Kubernetes path based routing for multiple namespaces

3/26/2018

The environment: I have a kubernetes cluster set up with namespaces for "dev", "sit" and "prod". In each of these namespaces i have multiple services of type:LoadBalancer which target a specific deployment of a dockerised application (i have multiple applications) so i can access each of these by just using the exposed ip address of the service of whichever namespace i want. Example service looks like this an is very simple:

apiVersion: v1
kind: Service
metadata:
  name: application1
spec:
  ports:
  - port: 80
    targetPort: 3000
    protocol: TCP
    name: http
  type: LoadBalancer
  selector:
    app: application1

The problem: I now want to be able to support multiple versions of all applications (ip:/v1/, ip:/v2/ etc) as to allow the users to migrate to the new version when they are ready and i've been trying to implement path-based routing following this guide. I have managed to restructure my architecture so that i have ReplicationControllers and an ingress which looks at the rules of the path to route to the correct service.

This seems to work if i'd only have one exposed service and a single namespace because i only have DNS host names for production environment and want to use the individual ip address of a service for other environments and i can't figure out how to specify the ingress rules for a service which doesn't have a hostname.

I could just have a loadbalancer for every environment and use path based routing to route to each different services for dev and sit which is not ideal because to access any service we'd have to now use something like this ip/application1 and ip/application2 instead of directly using the service ip address of each application. But my biggest problem is that when i followed the guide and created the ingress, replicationController and a service in my SIT namespace it started affecting the loadbalancer services in my other two environments (as i understand the kubernetes would sometimes try to use the nginx controller from SIT environment on my DEV services and therefore would fail, other times it would use the GCE default configuration and would work).

I tried adding the arg "- --watch-namespace=sit" to limit the scope of the ingress controller to only affect sit but it does not seem to work.

-- BroBan
google-cloud-platform
kubernetes
kubernetes-ingress

1 Answer

3/26/2018

I now want to be able to support multiple versions of all applications (ip:/v1/, ip:/v2/ etc.)

That is exactly what Ingress can do, but the problem is that you want to use IP addresses for routing, but Ingress is using DNS names for that.

I think the best way to implement this is to use an Ingress which will handle requests. On GCE Ingress uses the HTTP(S) load balancer. Yes, you will need a DNS name for that, but it will help you to create a routing which you need.
Also, I highly recommend using TLS encryption for connections.
You can check LetsEncrypt to get a free SSL certificate.
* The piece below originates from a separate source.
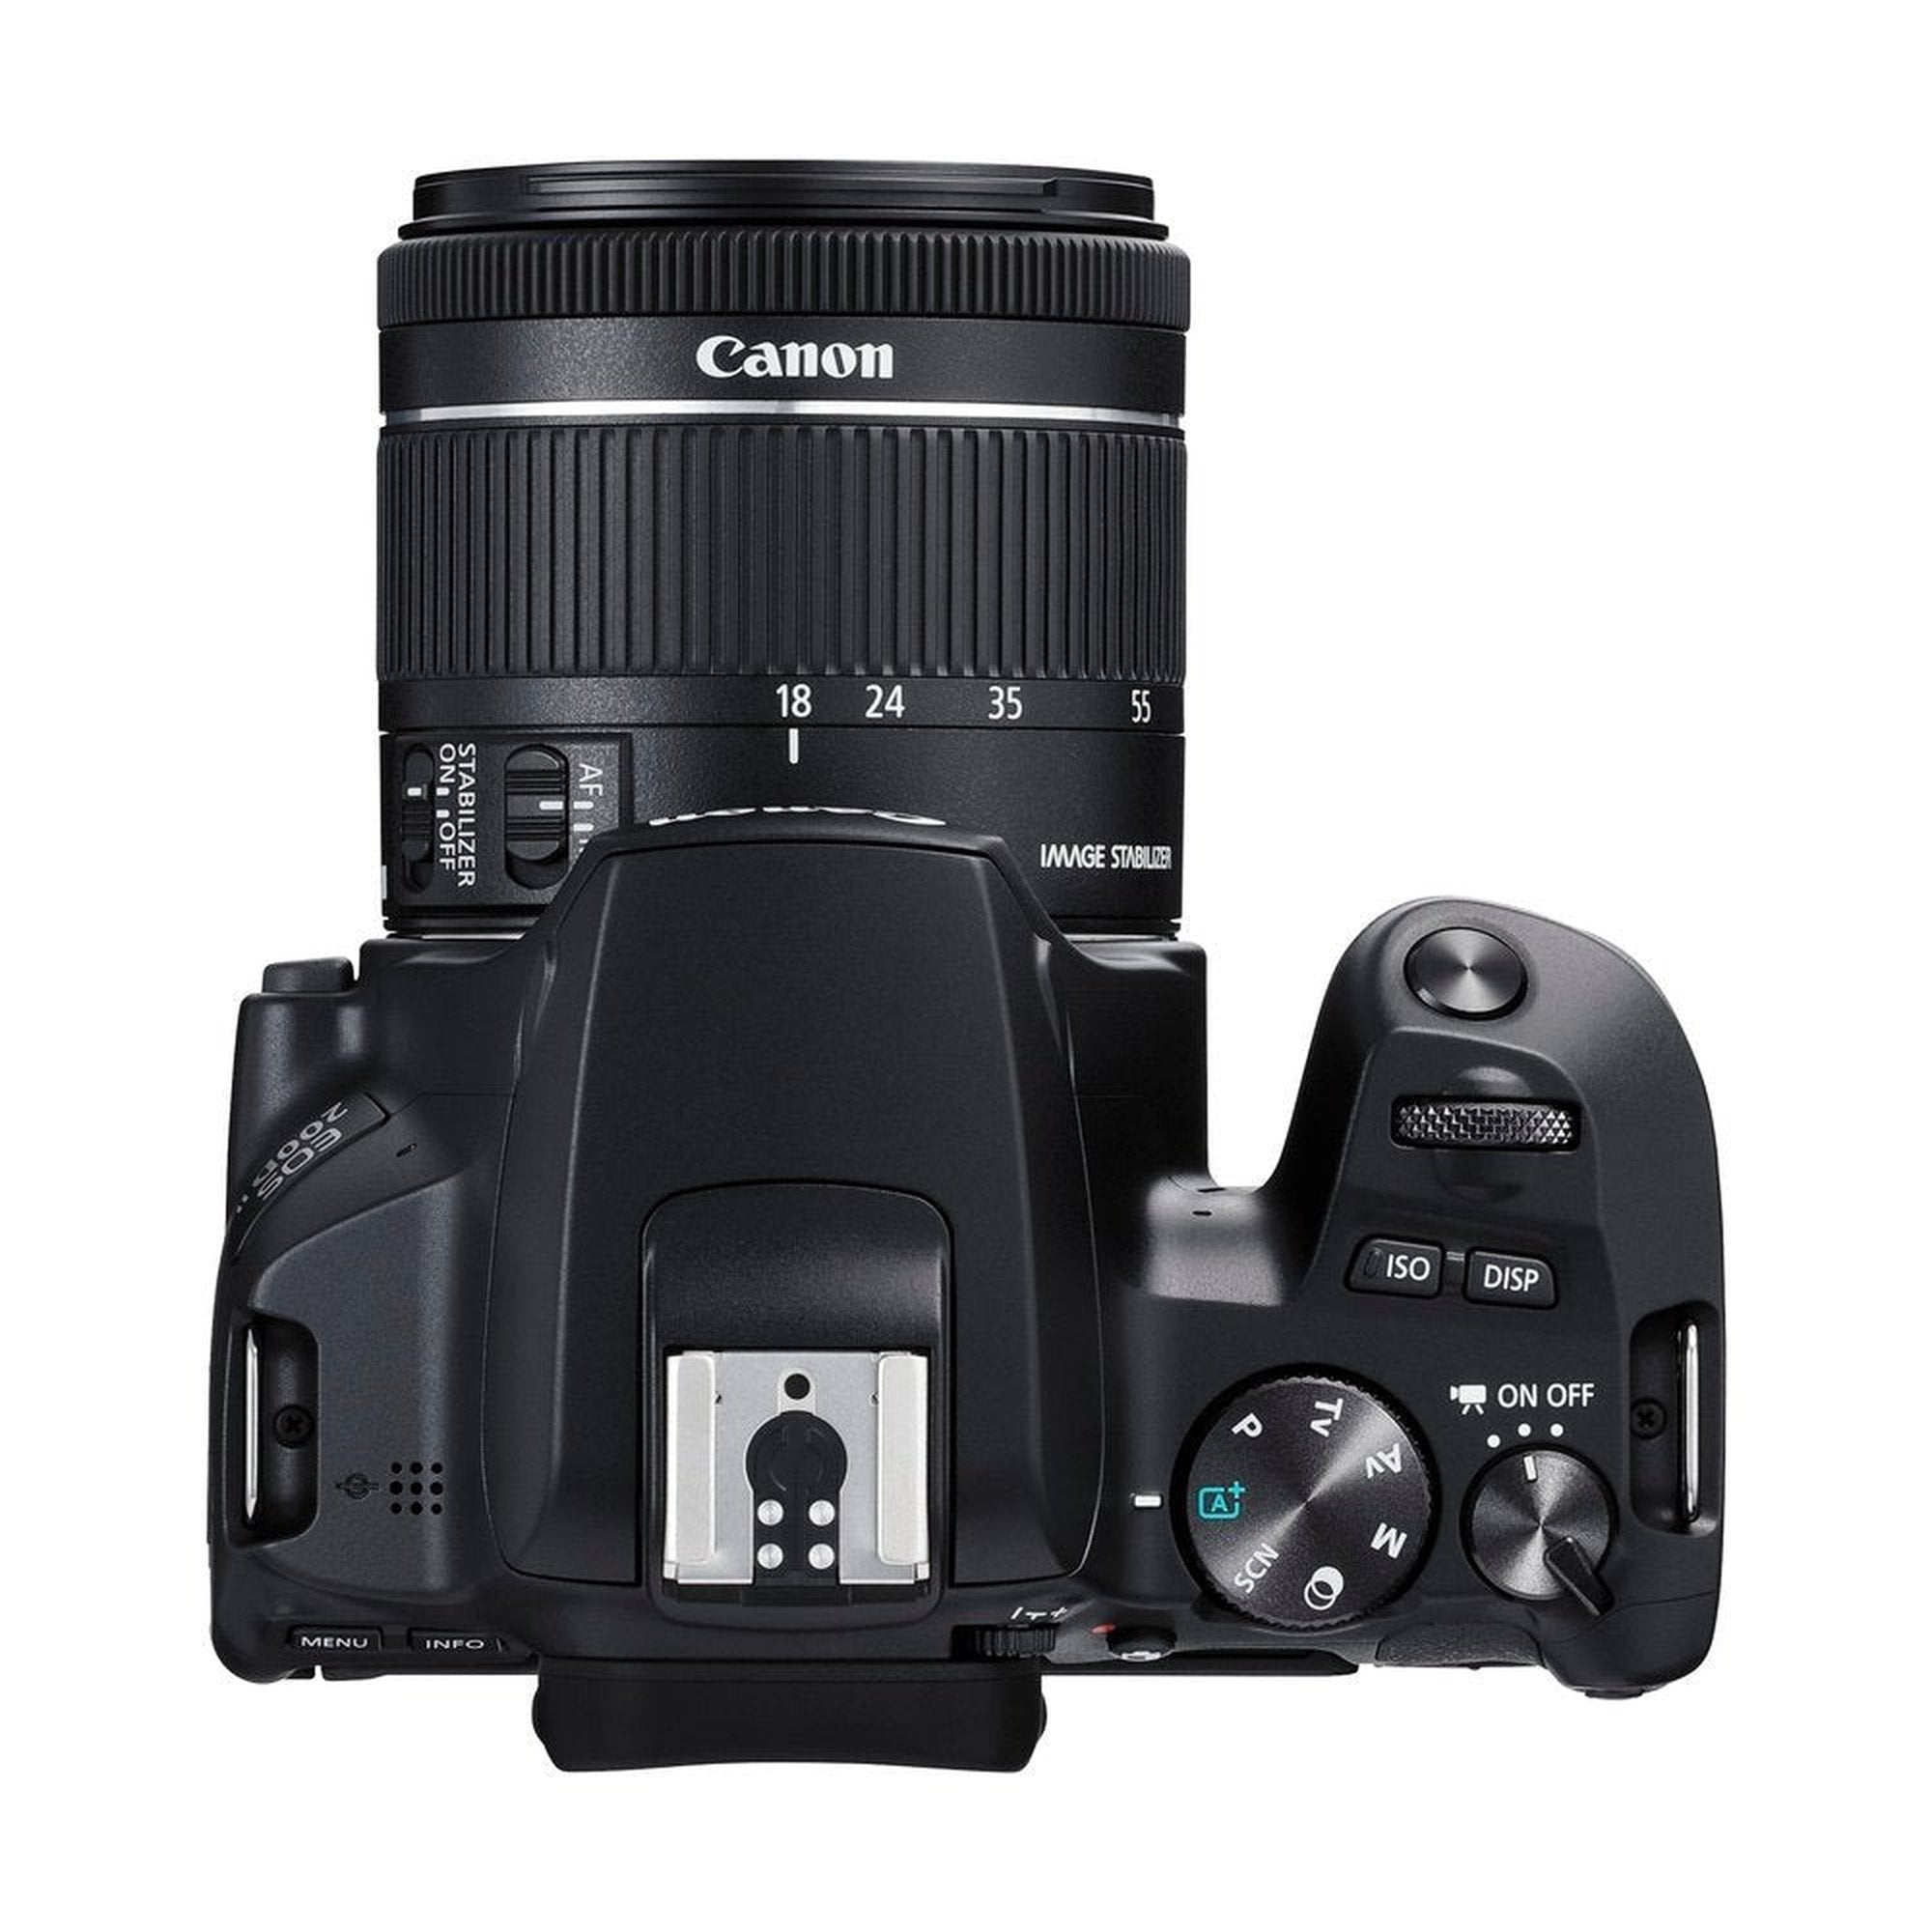 banaan Ontwaken Naar boven Buy Canon EOS 200D II DSLR Camera Online | Canon Flagship Store
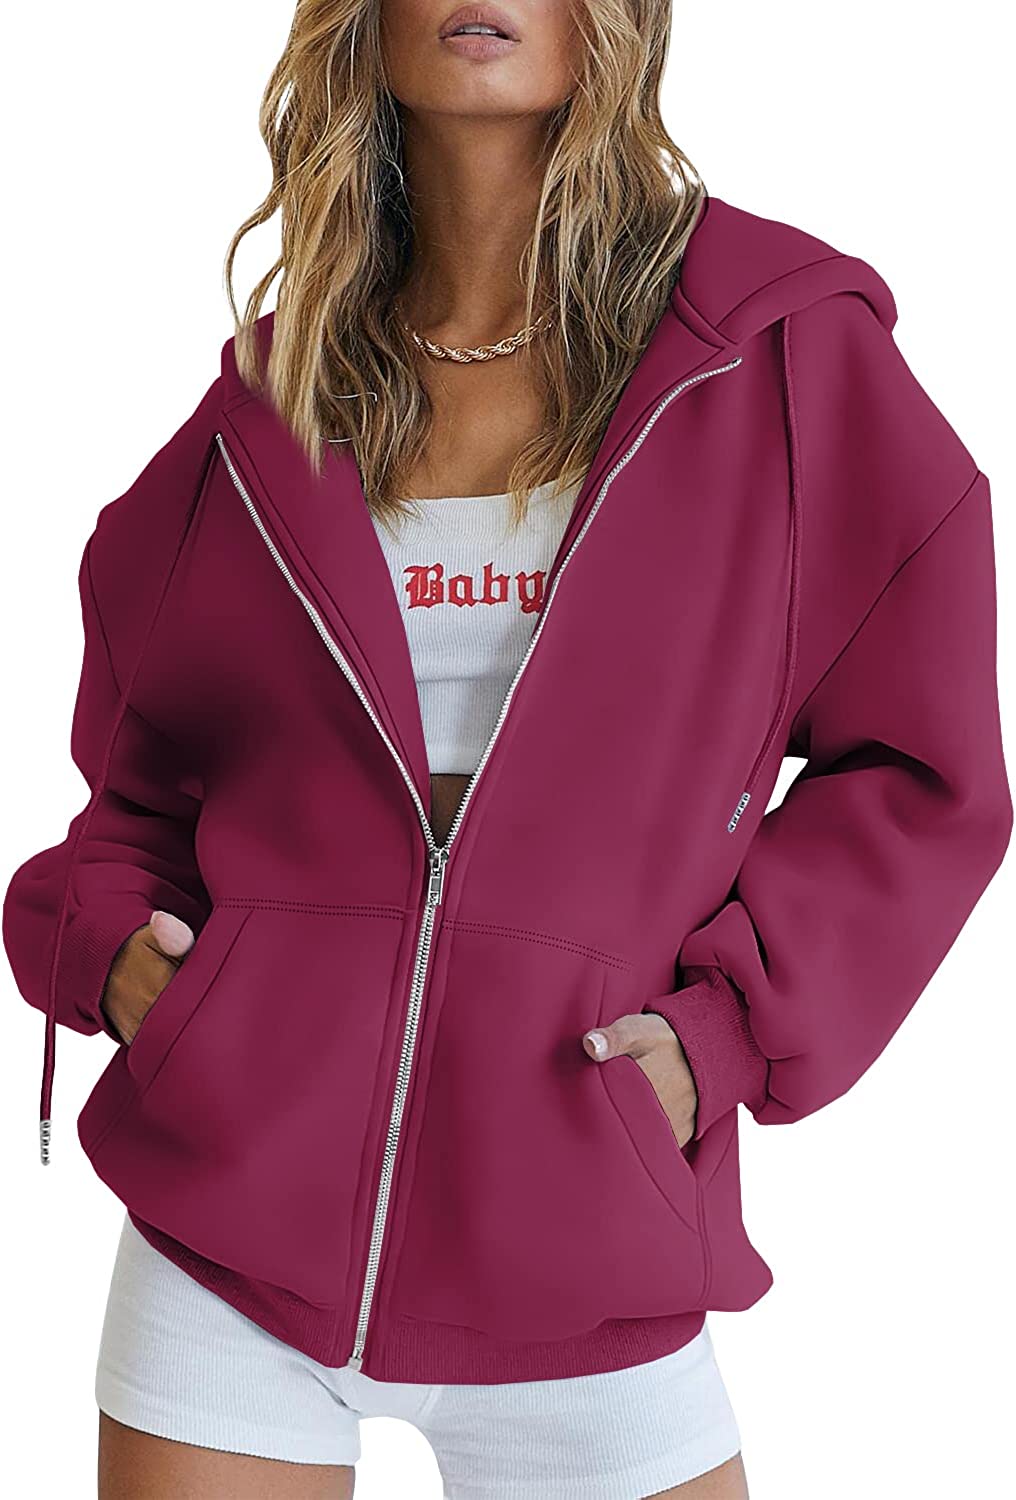 EFAN Women's Cute Hoodies Teen Girl Fall Jacket Oversized

So, the solution should like below:

1. Deploy your Services with type "ClusterIP" instead of "LoadBalancer". You can have more than one Service object for an application so you can do it in parallel with your current configuration.
2. Select any namespace (even special one), for instance - "ingress-ns". We need to create there Service objects which will point to your services in other namespaces. Here is an example of a service (let new DNS name be "my.shiny.new.domain"):

kind: Service
apiVersion: v1  
  metadata:
    name: service-v1
    namespace: ingress-ns
 spec:  
   type: ExternalName
   externalName: <service>.<namespace>.svc.cluster.local # here is a service name and namespace of your service with version v1.
  ports:
    - port: 80 

3. Now, we have a namespace with several services which are pointing to different versions of your application in different namespaces. Now, we can create an Ingress object which will create an HTTP(S) Load Balancer on GCE with path-based routing:

apiVersion: extensions/v1beta1
kind: Ingress
metadata:
 name: test
 namespace: ingress-ns
spec:
 rules:
 - host: my.shiny.new.domain
   http:
     paths:
     - path: /v1
       backend:
         serviceName: service-v1
         servicePort: 80
     - path: /v2
       backend:
         serviceName: service-v2
         servicePort: 80

Kubernetes will create a new HTTP(S) balancer with rules you set up in an Ingress object, and you will have an entry point with cross-namespaces path-based routing, and you don't have to use multiple IP addresses for that.

Actually, you can also manage by that ingress your primary version of an application and use your primary domain with "/" path to handle requests to your production version.